= SOURCE DATA =

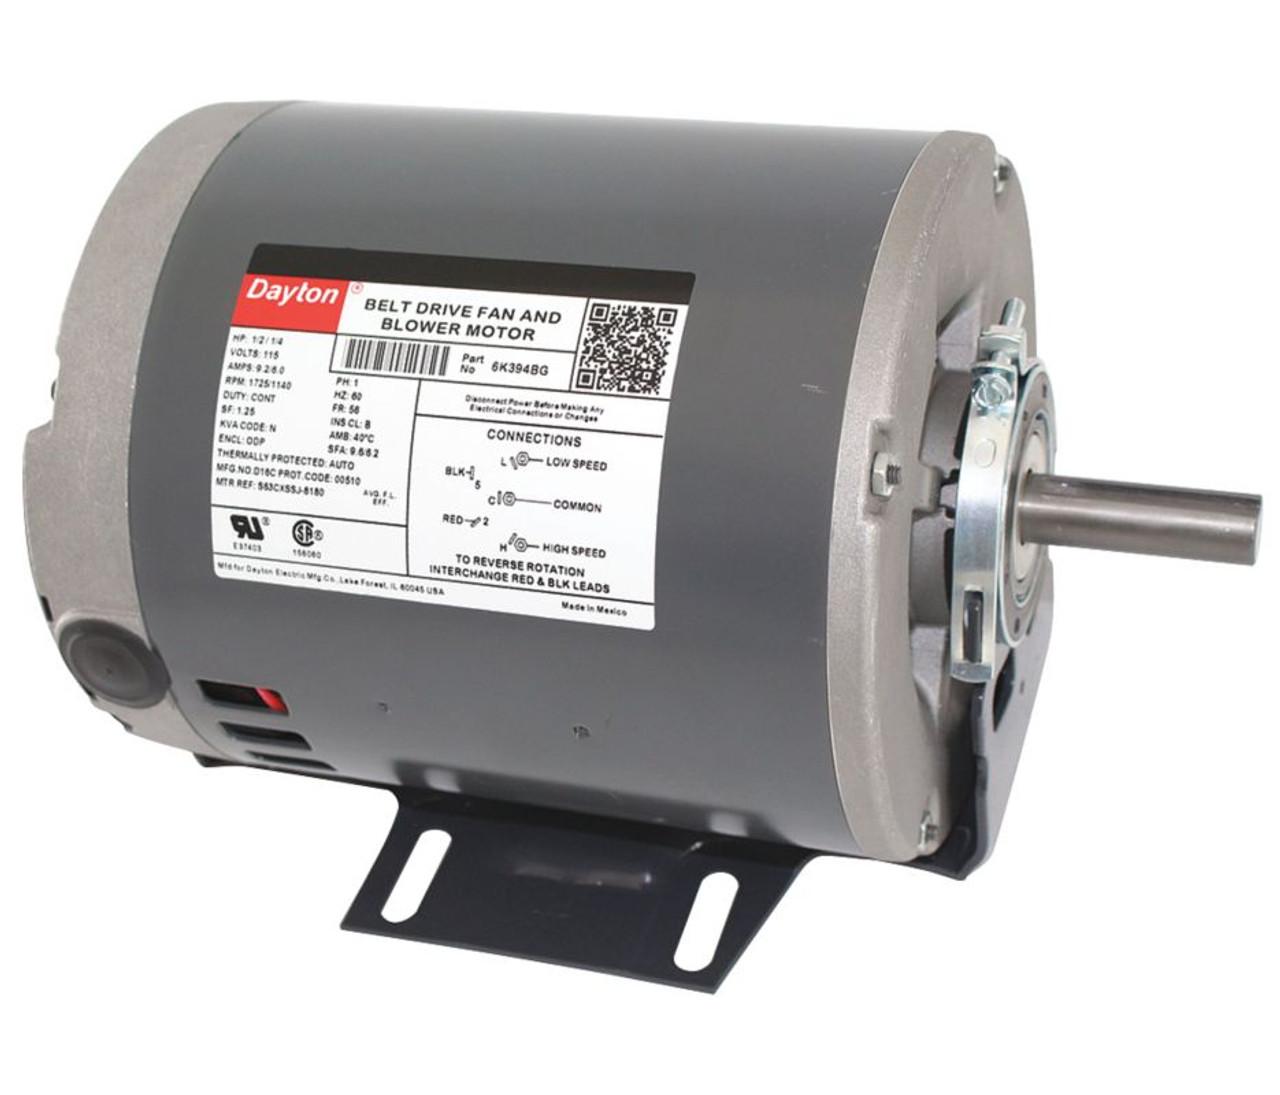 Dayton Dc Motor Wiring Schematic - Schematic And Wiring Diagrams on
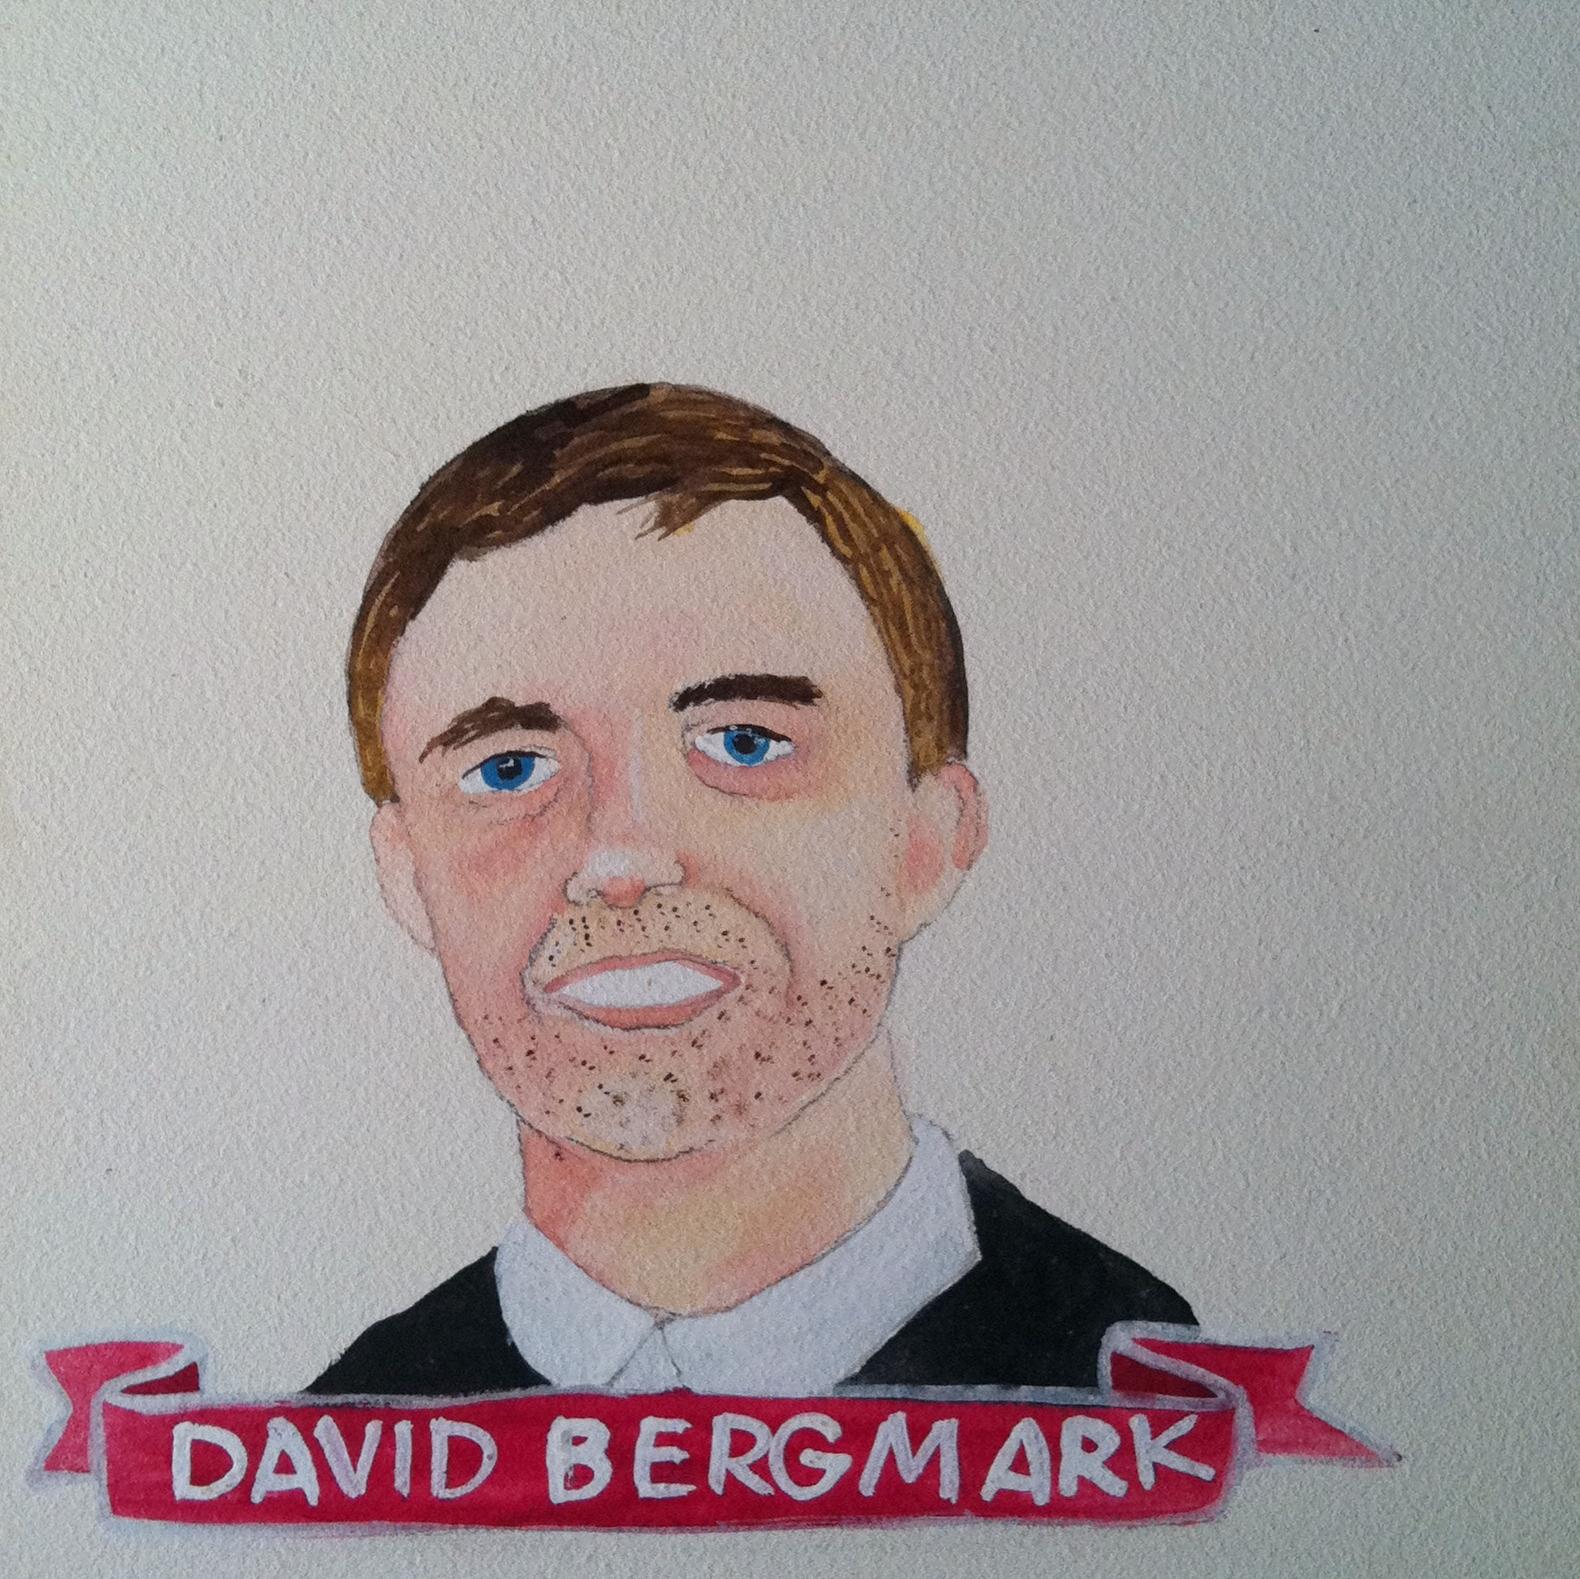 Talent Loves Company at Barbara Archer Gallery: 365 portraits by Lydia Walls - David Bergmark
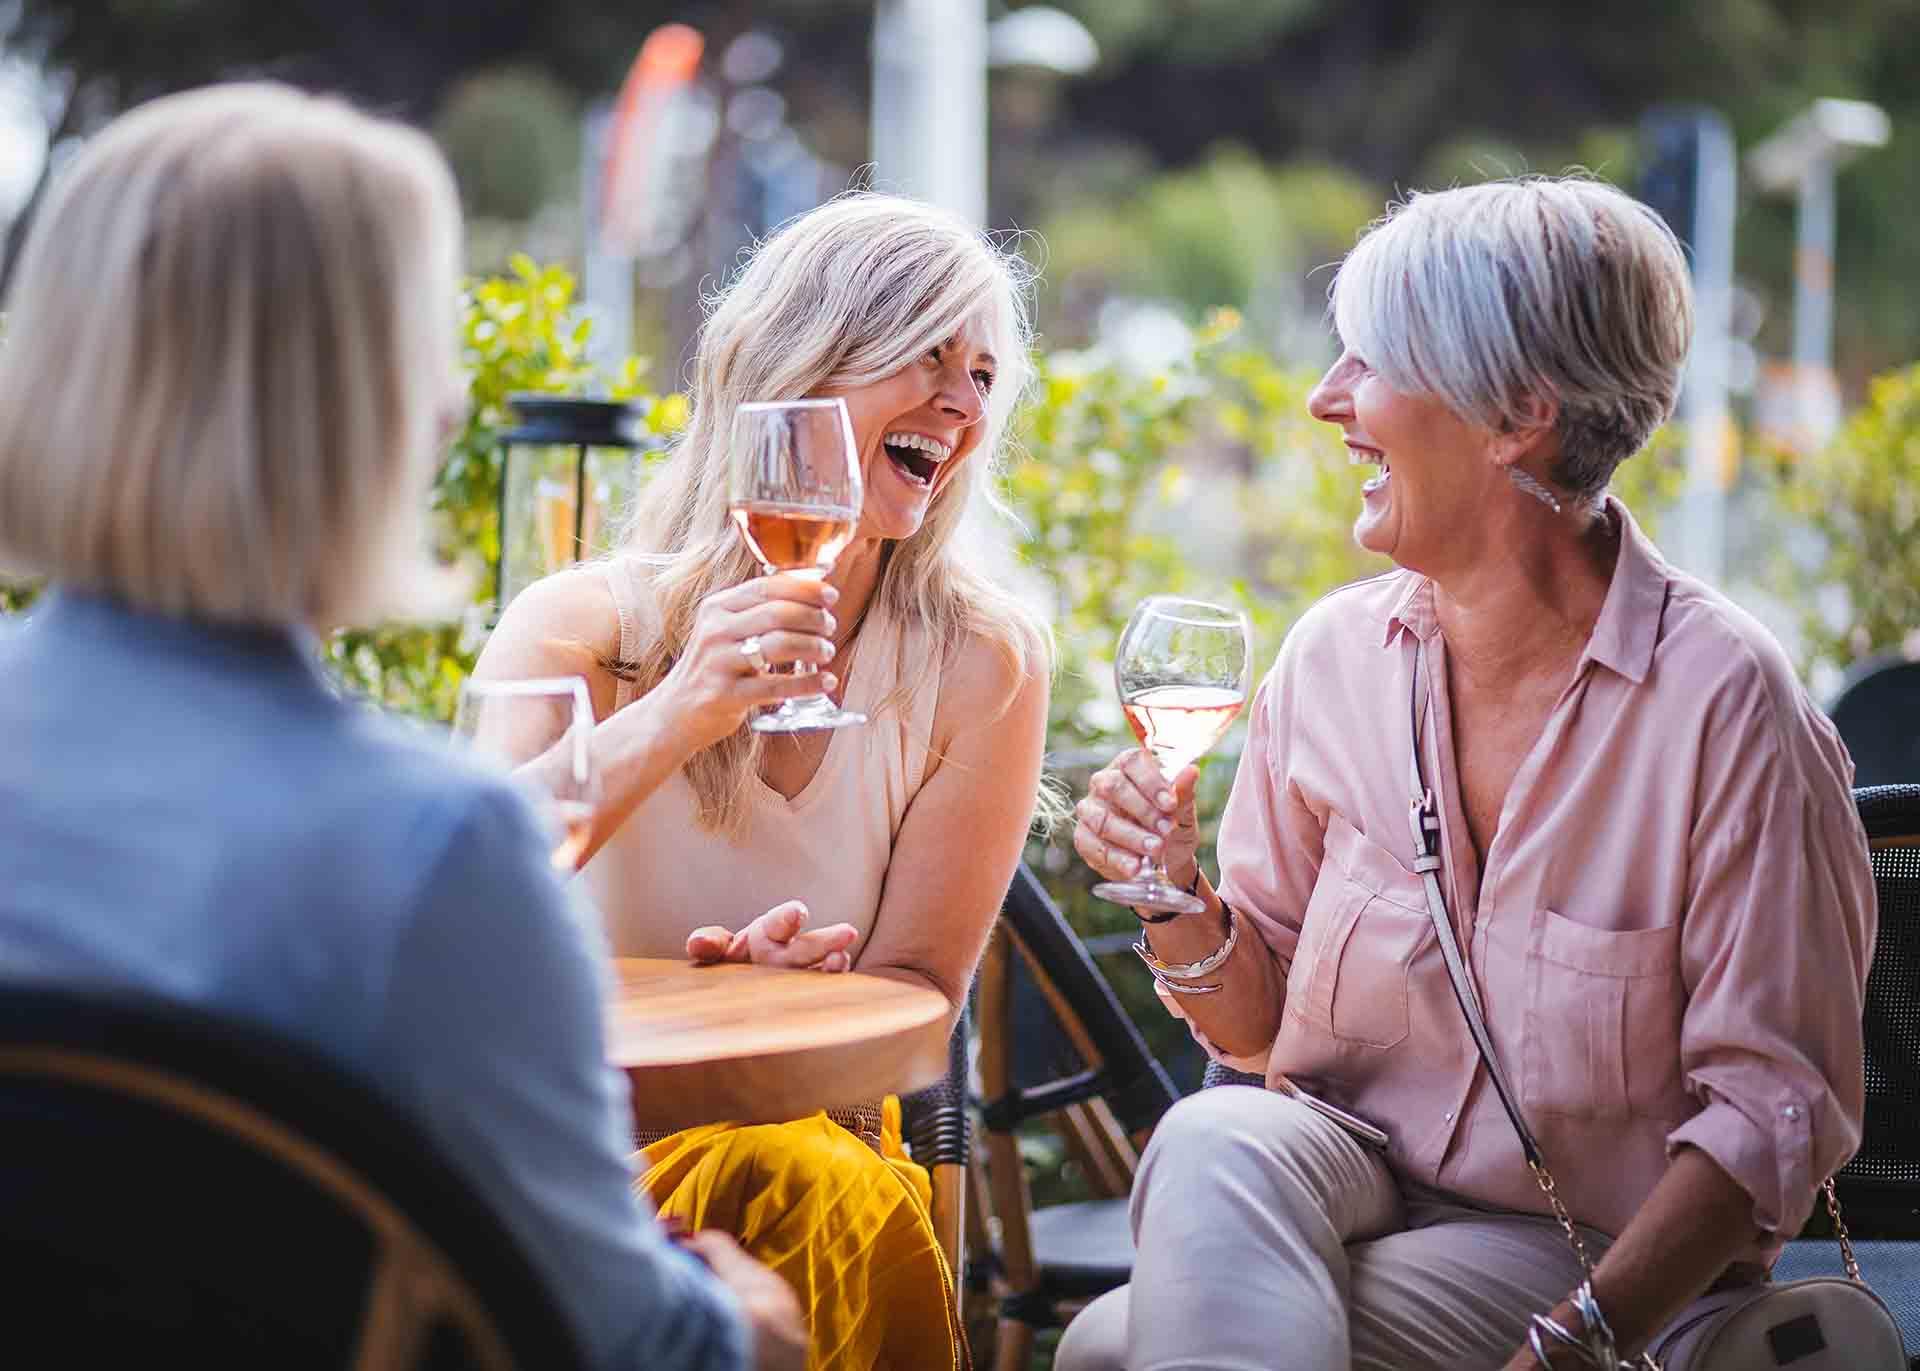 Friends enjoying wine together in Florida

= TRY IT =
Set down the material exactly, every line of it, except for the pictures.

= EXERCISE ANSWER =
 Dayton Dc Motor Wiring Schematic - Schematic And Wiring Diagrams on
 Talent Loves Company at Barbara Archer Gallery: 365 portraits by Lydia Walls - David Bergmark
 Friends enjoying wine together in Florida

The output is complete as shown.